Despite the proliferation of sophisticated tokenization methods in natural language processing (NLP) and their adaptation to biological data, evidence increasingly suggests that complex tokenization strategies do not universally outperform simpler approaches in scRNA-seq analysis [1] [50]. The non-sequential nature of genomic data, absence of inherent gene ordering, and technical noise inherent in single-cell technologies introduce unique challenges that complicate direct transfers of NLP tokenization methodologies [1]. Furthermore, task-specific requirements in biological discovery—ranging from cell type classification to spatial niche prediction—exhibit varying sensitivities to tokenization complexity.

This technical review examines the performance characteristics of simple versus complex tokenization strategies across specialized applications in single-cell genomics. By synthesizing evidence from recent benchmark studies and foundation model implementations, we aim to establish a framework for selecting tokenization approaches based on specific analytical goals, data characteristics, and computational constraints.

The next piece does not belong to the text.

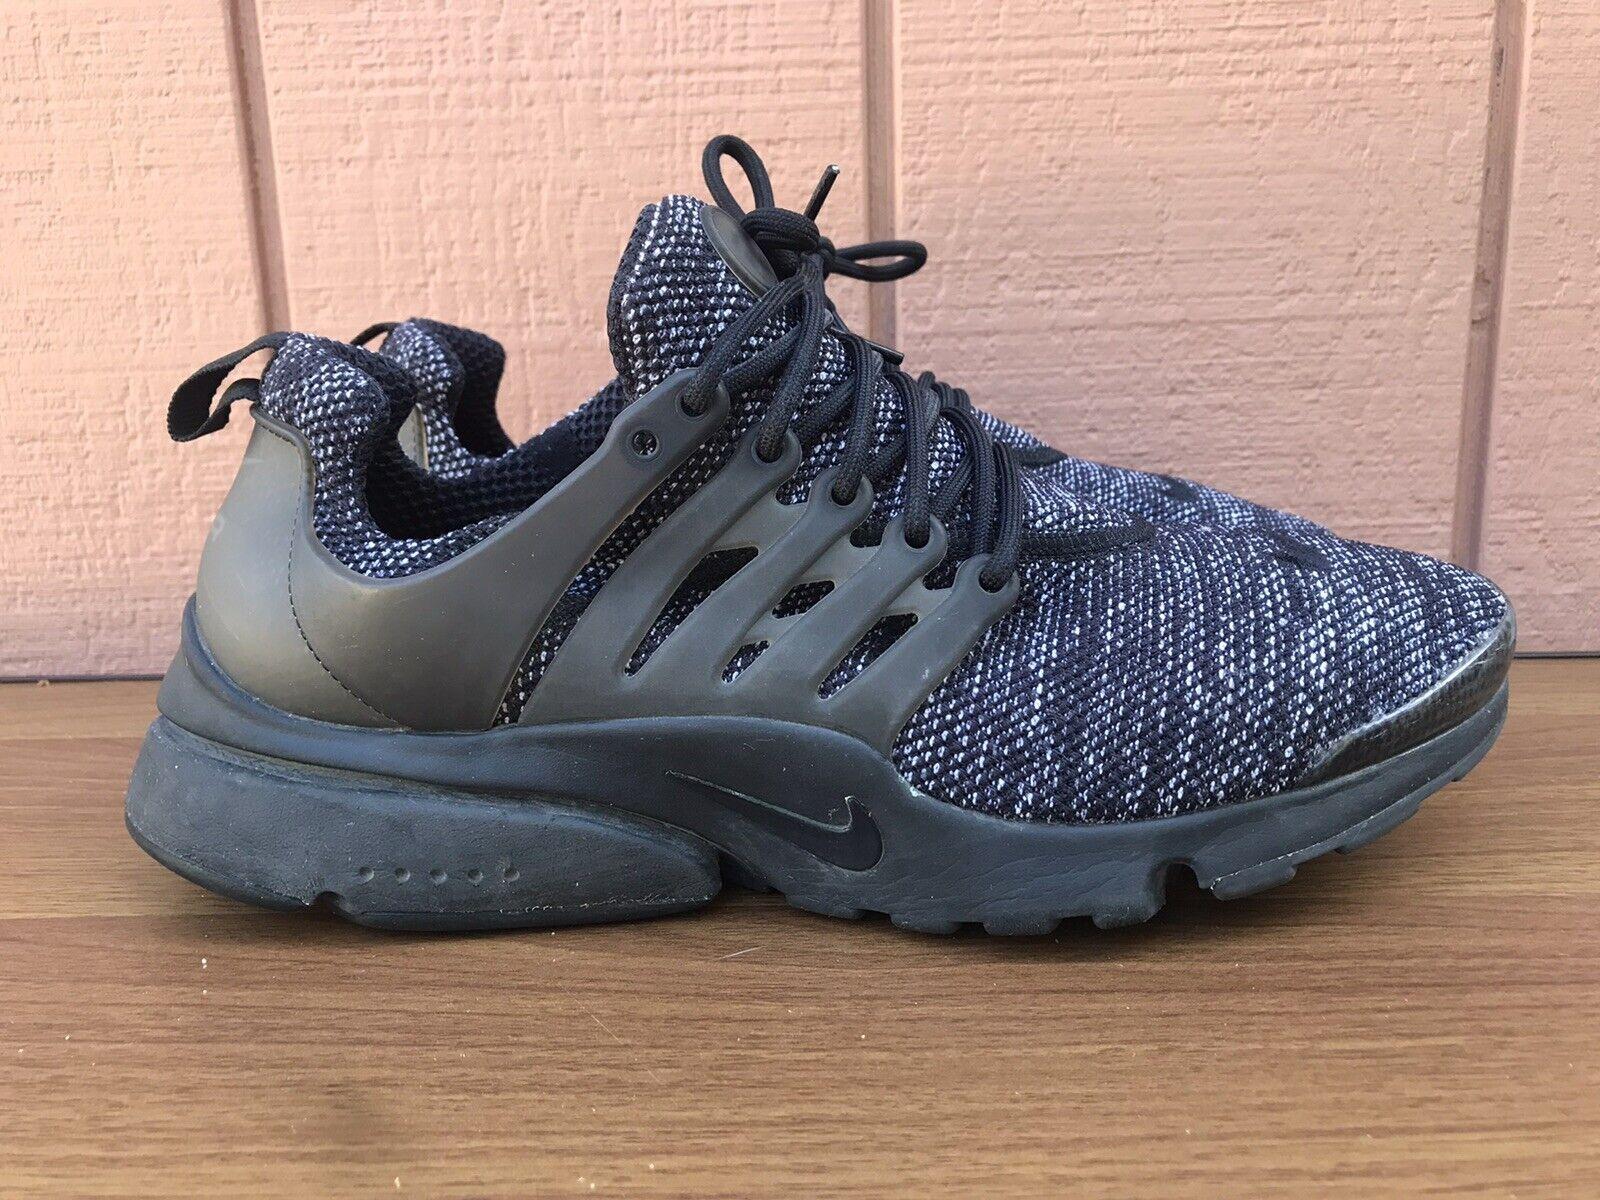 EUC Nike Air Presto Ultra BR Men's US 10 Running Shoes Black Gray 898020-001 C7

Tokenization Strategies in scFMs

Spectrum of Tokenization Approaches

Tokenization in scFMs encompasses diverse methodologies for converting continuous gene expression values into discrete tokens suitable for transformer-based architectures. These approaches span a complexity continuum from basic normalization techniques to sophisticated multi-modal integration schemes:

Table 1: Taxonomy of Tokenization Strategies in Single-Cell Foundation Models

Strategy Type	Core Methodology	Representative Models	Key Advantages
Rank-based	Genes ordered by expression level within each cell	Nicheformer, Geneformer	Robust to technical variance, preserves relative expression patterns
Expression binning	Expression values categorized into discrete bins	scBERT, scGPT	Captures magnitude information, reduces continuous value sensitivity
Normalized counts	Direct use of normalized expression values	UCE, scVI	Maintains quantitative relationships, minimal information loss
Multi-modal integration	Incorporates epigenetic, spatial, or protein data	CellPLM, Nicheformer	Enables cross-modal learning, enhanced biological context

The Simplicity Paradigm: Rank-Based Tokenization

Rank-based tokenization has emerged as a surprisingly effective simple approach despite its conceptual straightforwardness. This method orders genes by their expression levels within each cell, creating a deterministic sequence that serves as input to transformer models [1] [50]. The Nicheformer implementation demonstrates this approach, where "each single-cell expression vector is converted into a ranked sequence of gene tokens" [50]. This strategy eliminates sensitivity to absolute expression values while preserving the relative importance of genes within each cellular context.

The computational efficiency of rank-based tokenization derives from its minimal preprocessing requirements and inherent normalization properties. By transforming continuous expression values into ordinal rankings, this approach naturally mitigates batch effects and technical variations without requiring complex normalization pipelines [50]. Empirical evidence indicates that models utilizing rank-based tokenization consistently generate embeddings that remain stable under perturbations and incomplete gene panels, enhancing robustness across diverse datasets [50].

Figure 1: Rank-based tokenization workflow. This simple approach orders genes by expression level before token generation, providing robustness to technical variations.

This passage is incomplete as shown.